Mortgage Rates Drop Below 7% for the First Time Since March 2024

US mortgage rates have fallen below 7% for the first time since March, leading to a surge in financing applications for home purchases. This decline in rates is seen as a potential catalyst for revitalizing the housing market, which has been struggling with high prices and affordability issues.

Key Takeaways

Mortgage Rate Decline

According to data from the Mortgage Bankers Association (MBA), the contract rate on a 30-year fixed mortgage fell by 8 basis points to 6.94% in the week ending June 14. This marks the first time since March that rates have dipped below the 7% threshold.
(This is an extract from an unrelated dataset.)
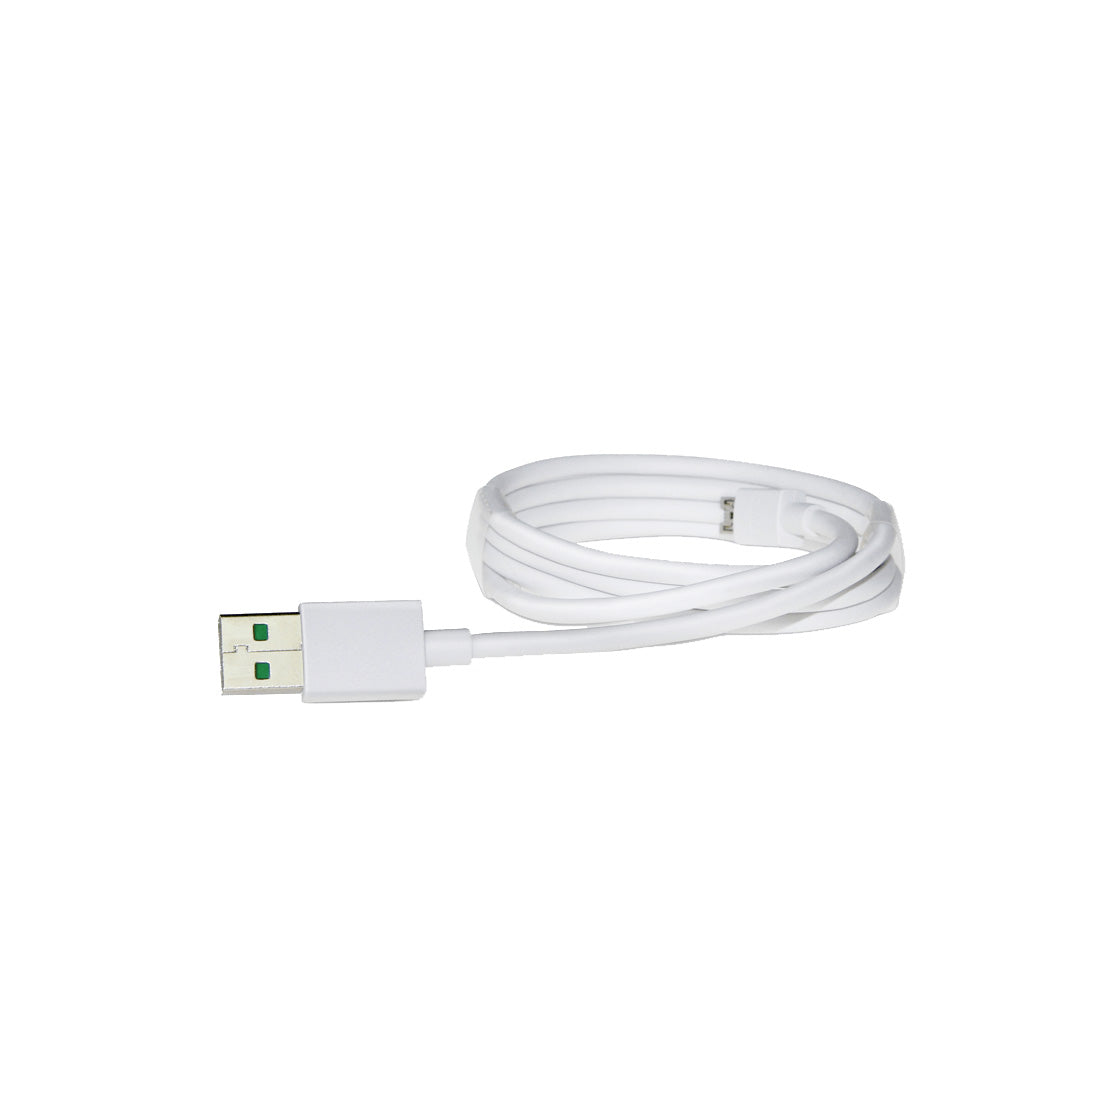 [OEM PACKAGE] OPPO VOOC Micro USB Cable - OPPO Official Store

Additionally, the five-year adjustable-rate mortgage dropped by 18 basis points to 6.27%, matching its lowest level since February.

Increase in Applications

The decline in mortgage rates has spurred a rise in financing applications for home purchases. The index of mortgage applications to buy a home increased by 1.6%, reaching its highest level since March. This follows an 8.6% jump in the previous week. The overall index of applications, which includes both home purchases and refinancing, advanced by 0.9% to the highest level since mid-January. However, the refinancing gauge slipped by 0.4%.

Treasury Yields and Federal Reserve

Mortgage rates often move in tandem with Treasury yields, which also saw a significant decline last week. This decline in yields is attributed to government figures showing a broad cooling in inflationary pressures. As a result, traders are increasingly optimistic that the Federal Reserve is in a better position to implement interest-rate cuts, possibly as soon as September.

Builder Incentives

To help buyers cope with the affordability crisis, builders such as Lennar Corp. and KB Home are offering incentives like discounted mortgage rates to bolster orders. These incentives are aimed at mitigating the impact of elevated list prices and giving housing demand greater traction.

Conclusion

The recent drop in mortgage rates below 7% is a positive development for the housing market, which has been grappling with high prices and affordability issues. The increase in financing applications and the potential for Federal Reserve interest-rate cuts are encouraging signs for both buyers and builders. As the market adjusts to these changes, it remains to be seen how long the lower rates will persist and what impact they will have on the broader economy.